▸ **Exercise objective**
Only one span is wanted from the lines below: from the one with "เยียรบับ หมายถึงอะไร?, คำในภาษาไทย" up to and including the one with "Hay tres cosas". Copy it exactly, without images.

▸ **Given information**
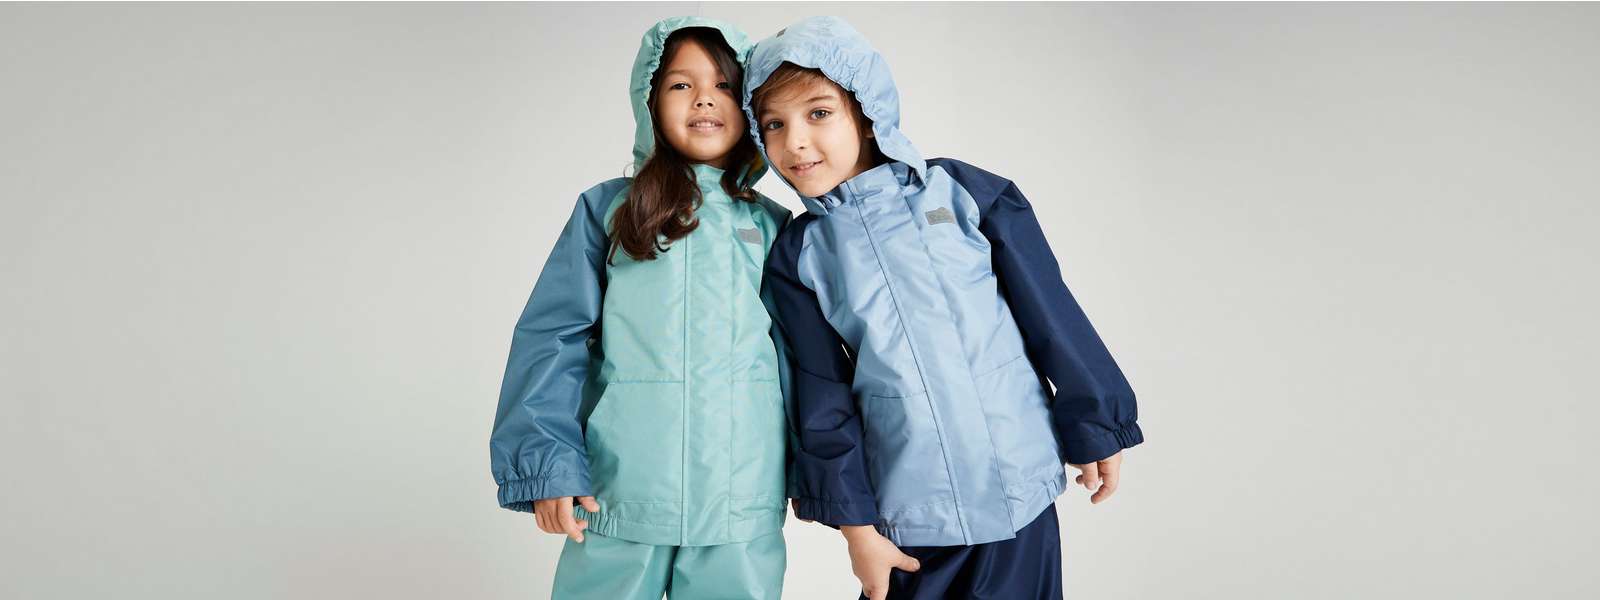 Kinder-Regenbekleidung
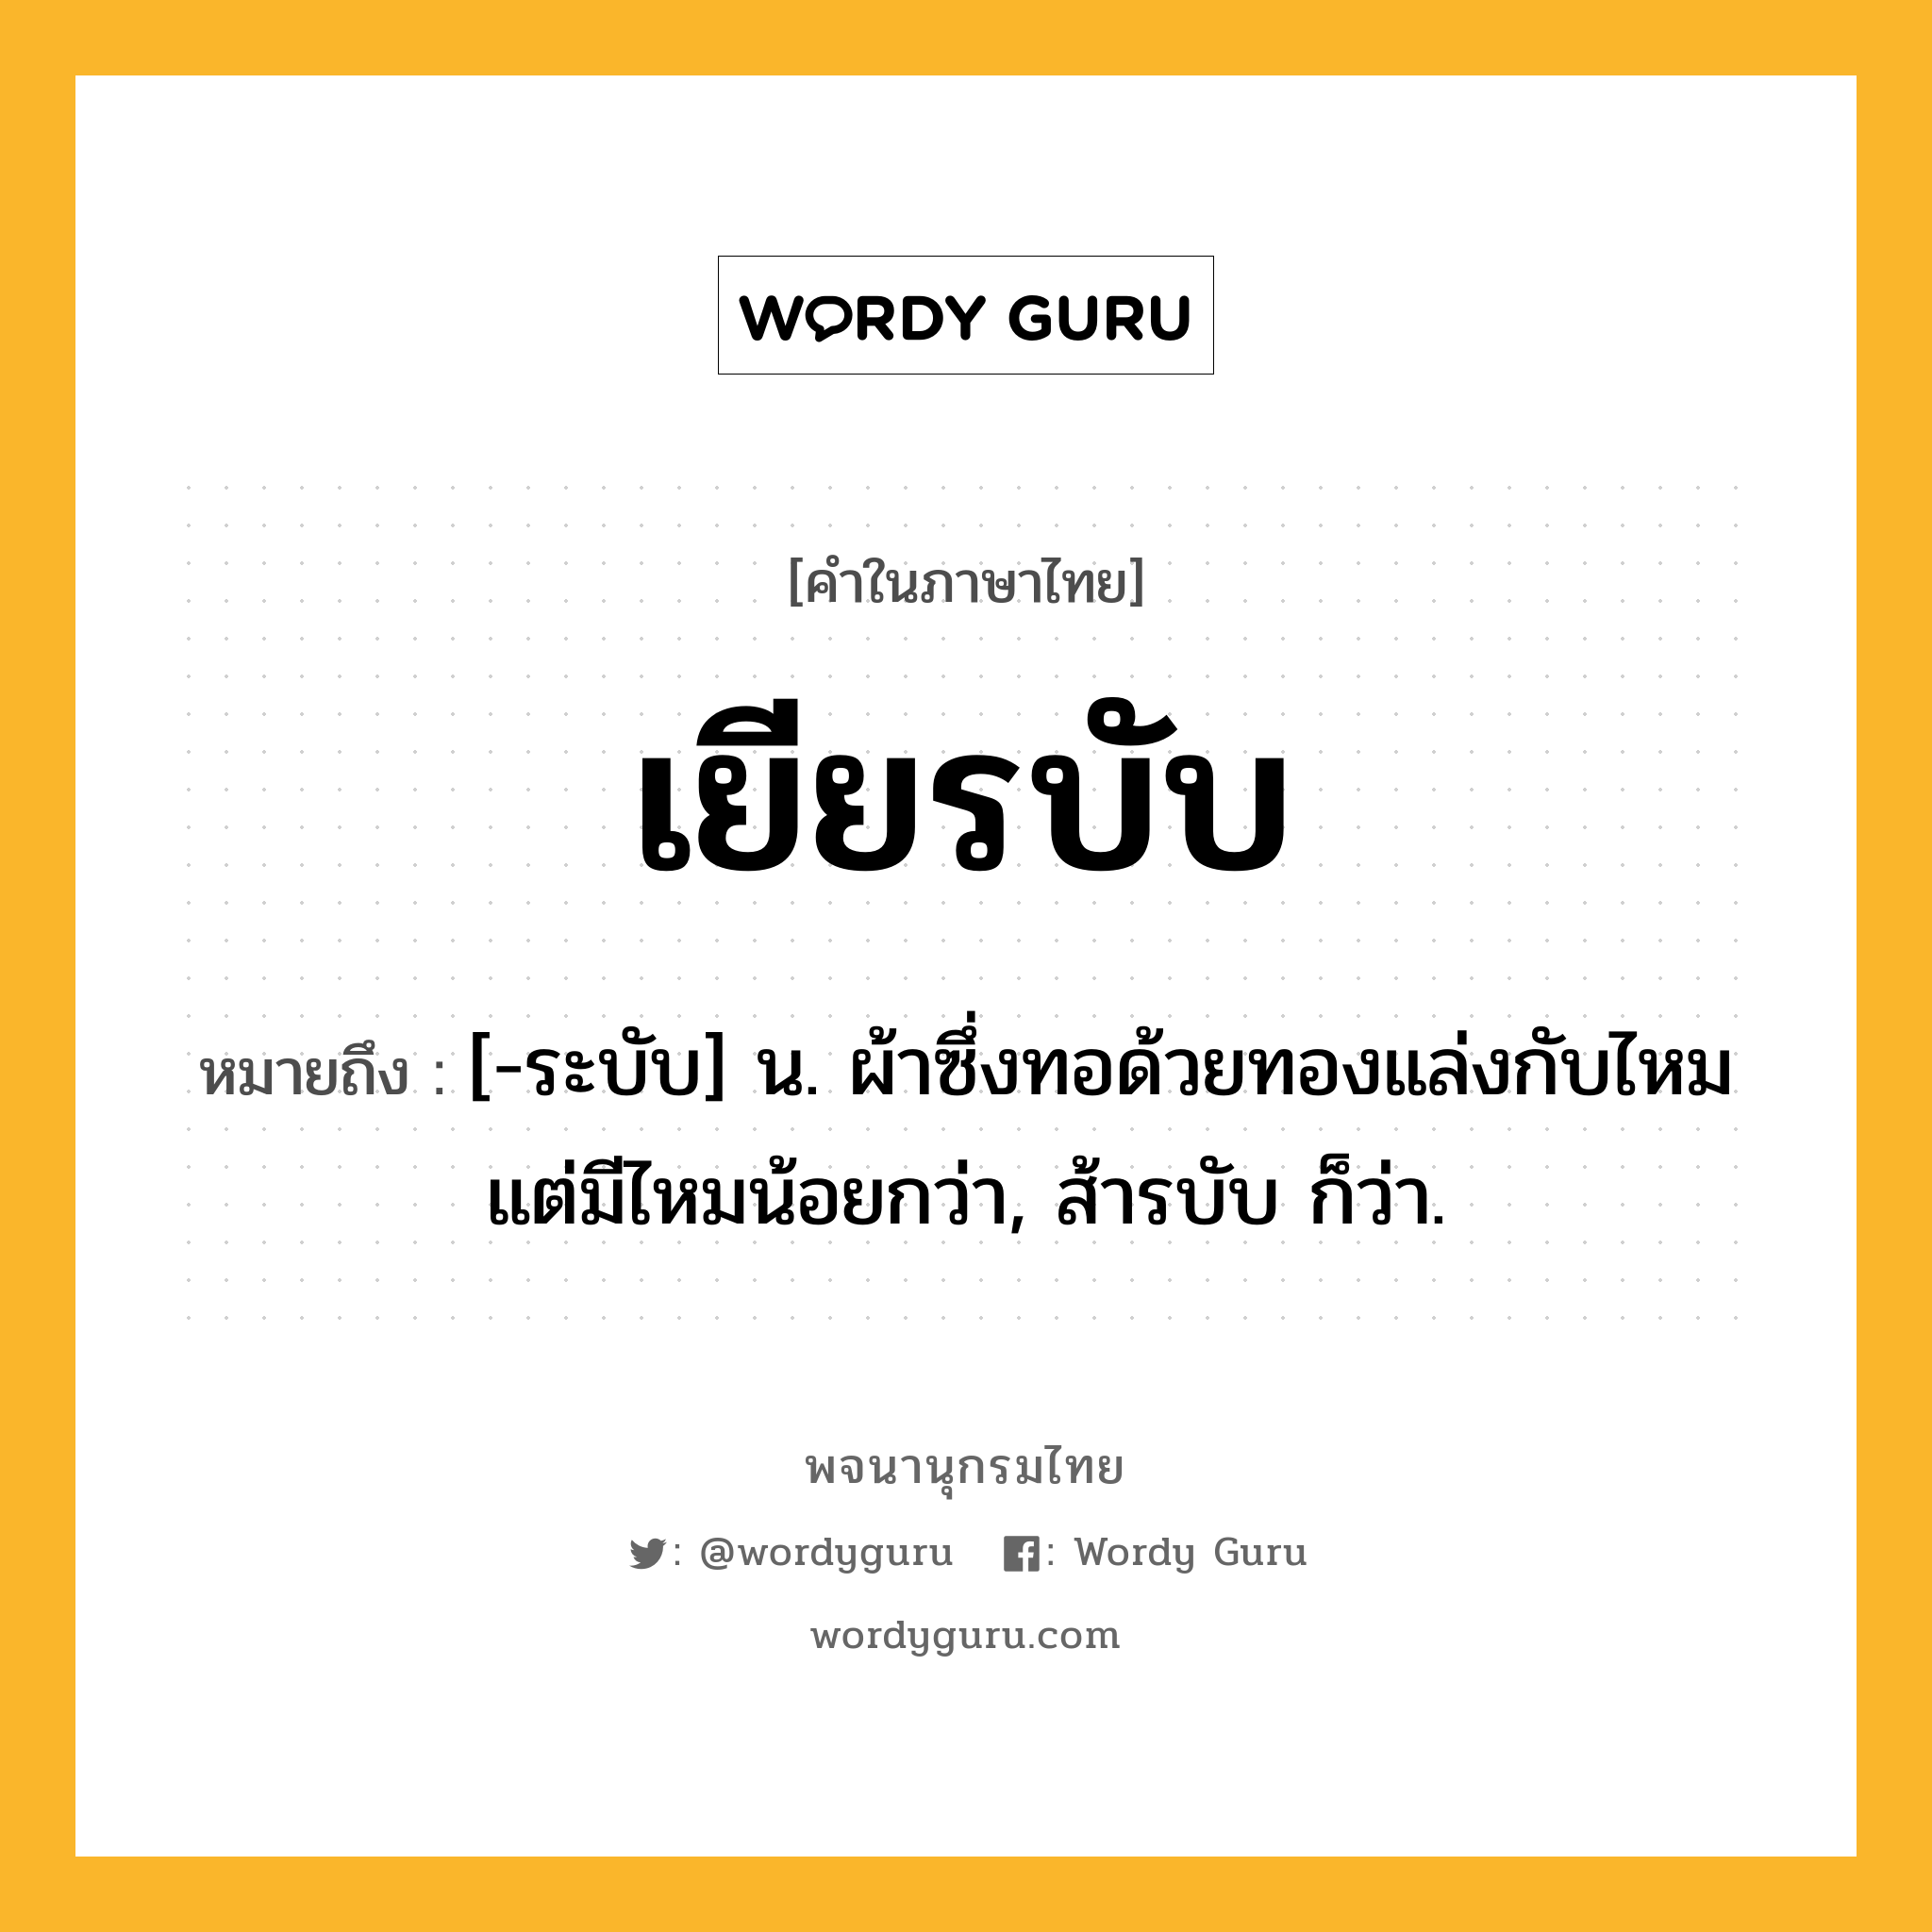 เยียรบับ หมายถึงอะไร?, คำในภาษาไทย เยียรบับ หมายถึง [-ระบับ] น. ผ้าซึ่งทอด้วยทองแล่งกับไหมแต่มีไหมน้อยกว่า, ส้ารบับ ก็ว่า.
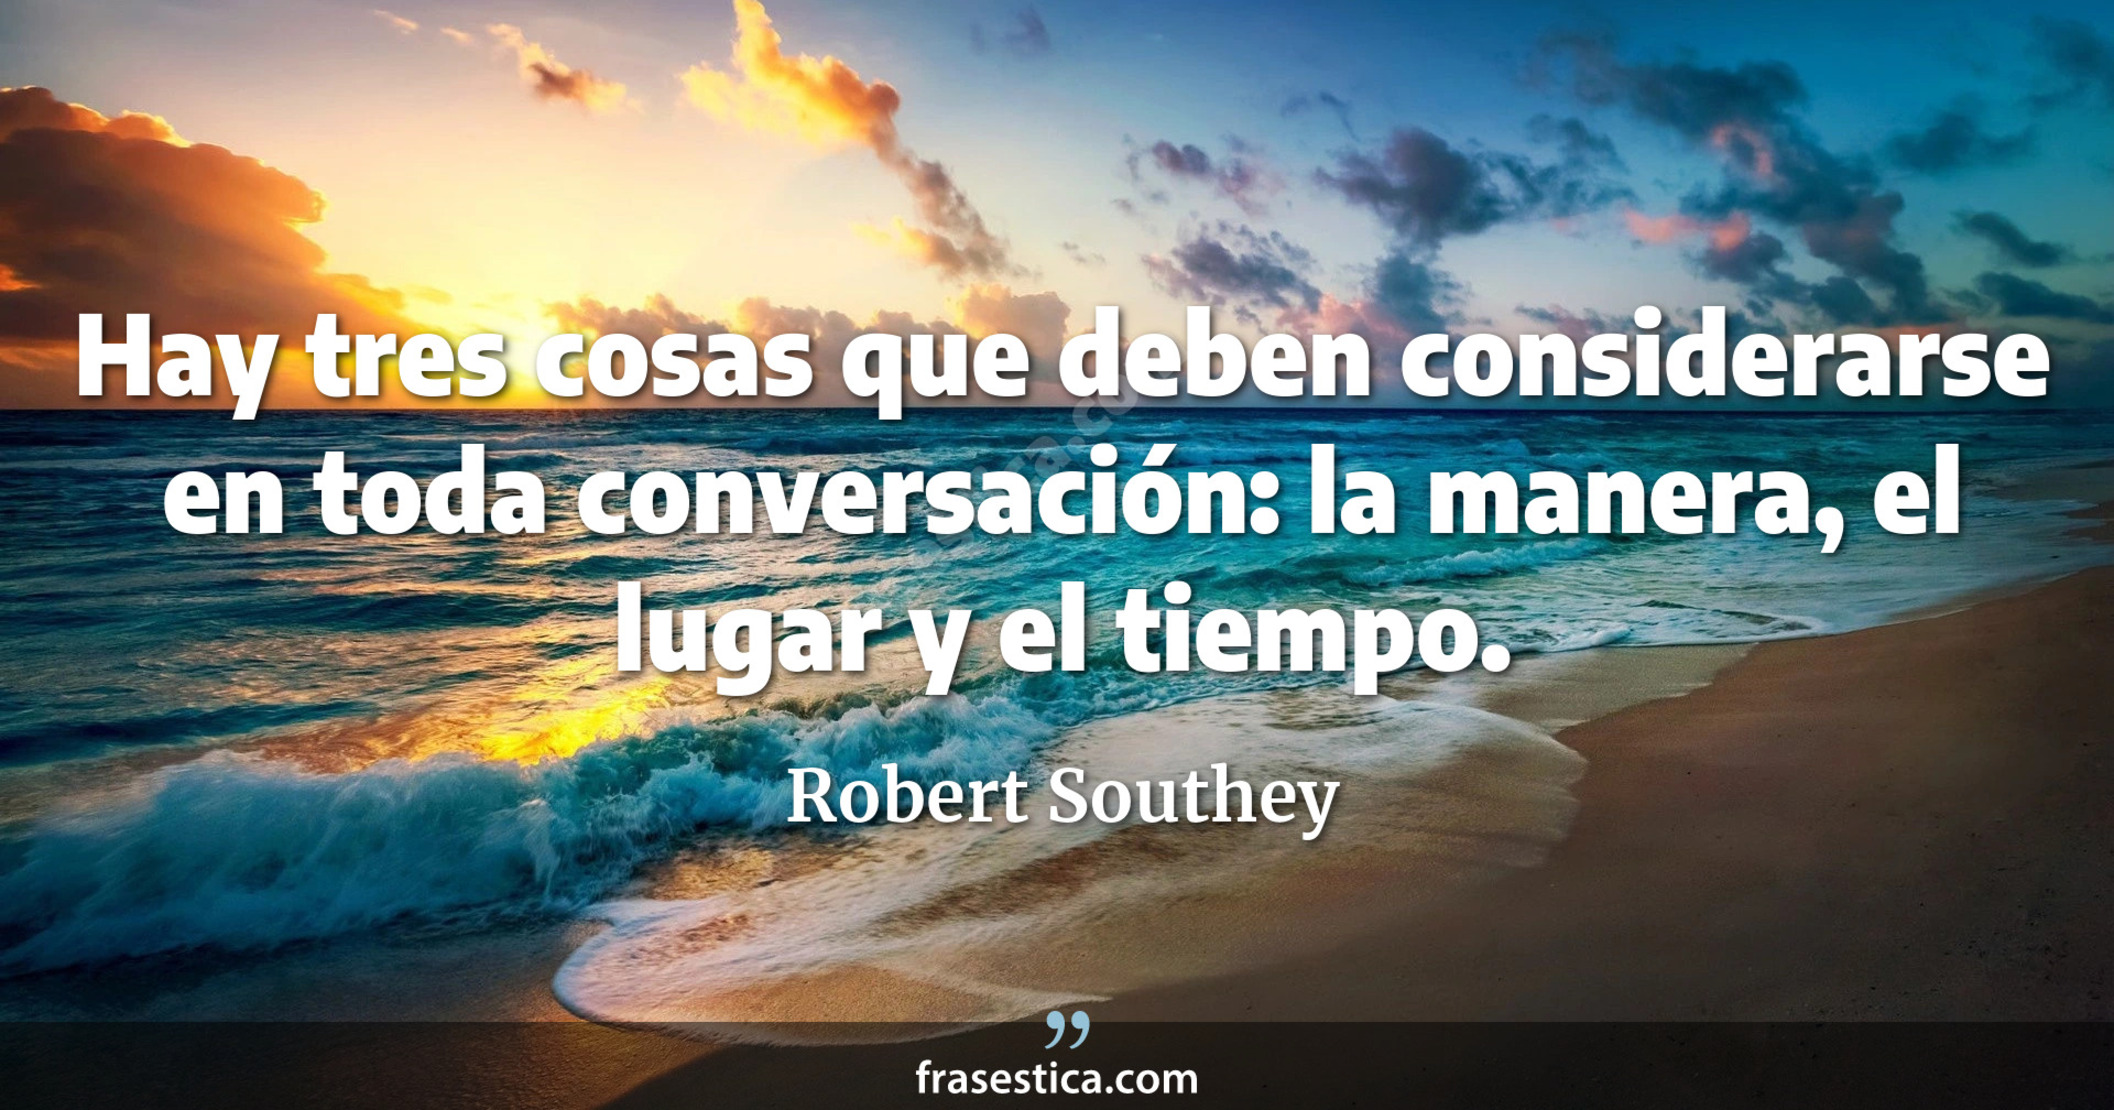 Hay tres cosas que deben considerarse en toda conversación: la manera, el lugar y el tiempo. - Robert Southey
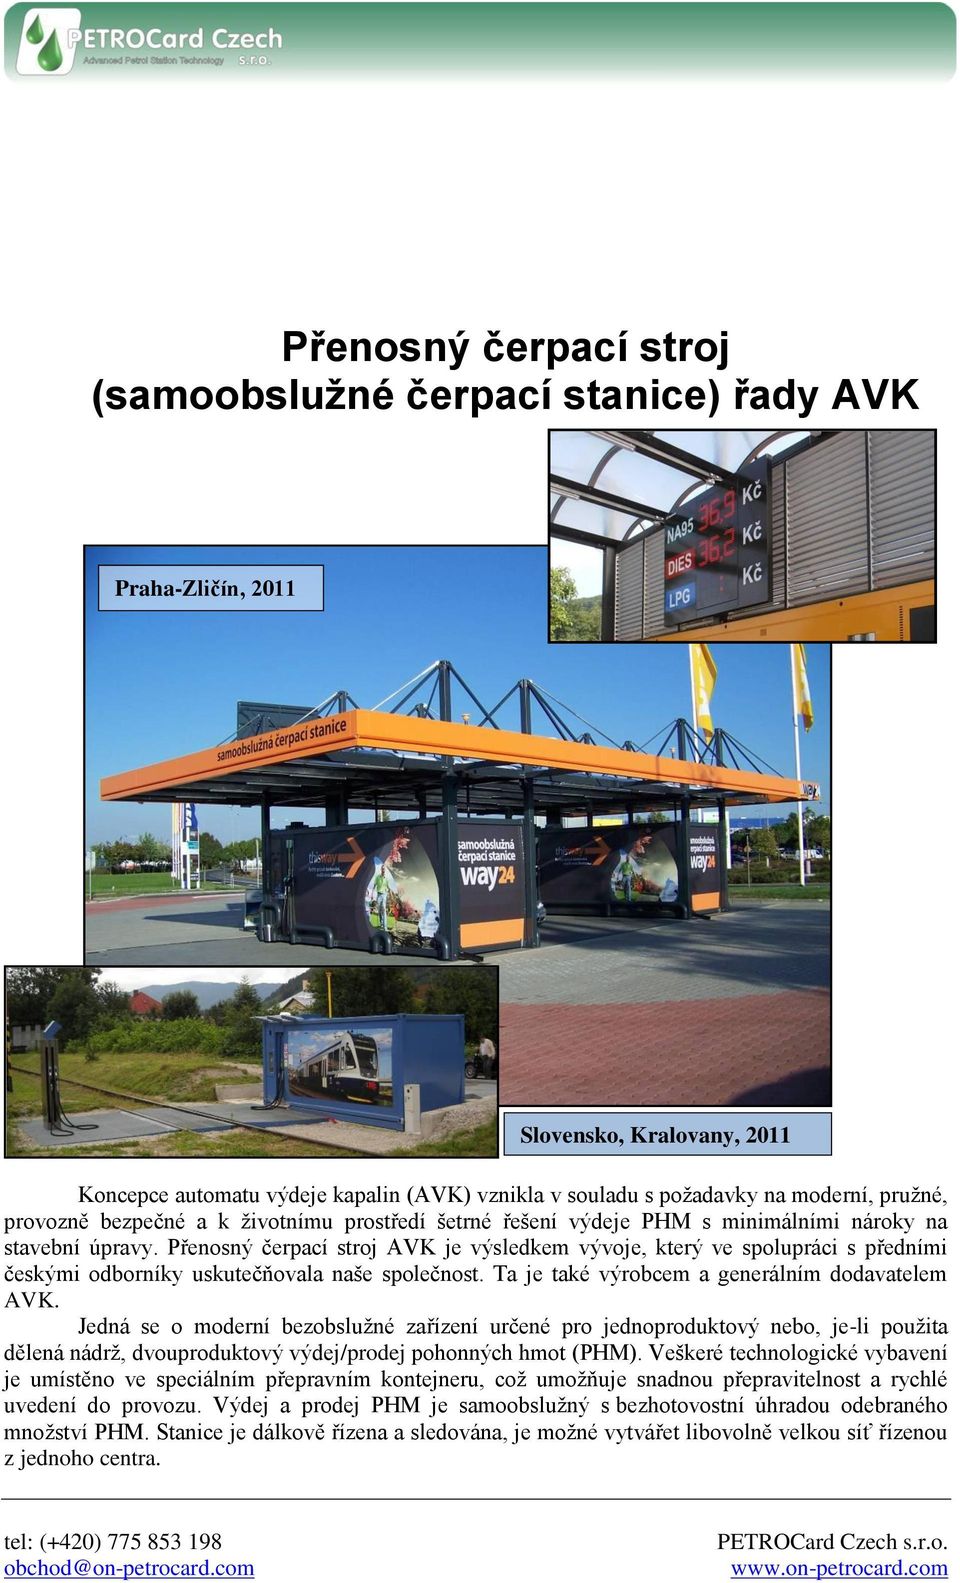 Přenosný čerpací stroj AVK je výsledkem vývoje, který ve spolupráci s předními českými odborníky uskutečňovala naše společnost. Ta je také výrobcem a generálním dodavatelem AVK.

▸ **Exercise response**
 เยียรบับ หมายถึงอะไร?, คำในภาษาไทย เยียรบับ หมายถึง [-ระบับ] น. ผ้าซึ่งทอด้วยทองแล่งกับไหมแต่มีไหมน้อยกว่า, ส้ารบับ ก็ว่า.
 Hay tres cosas que deben considerarse en toda conversación: la manera, el lugar y el tiempo. - Robert Southey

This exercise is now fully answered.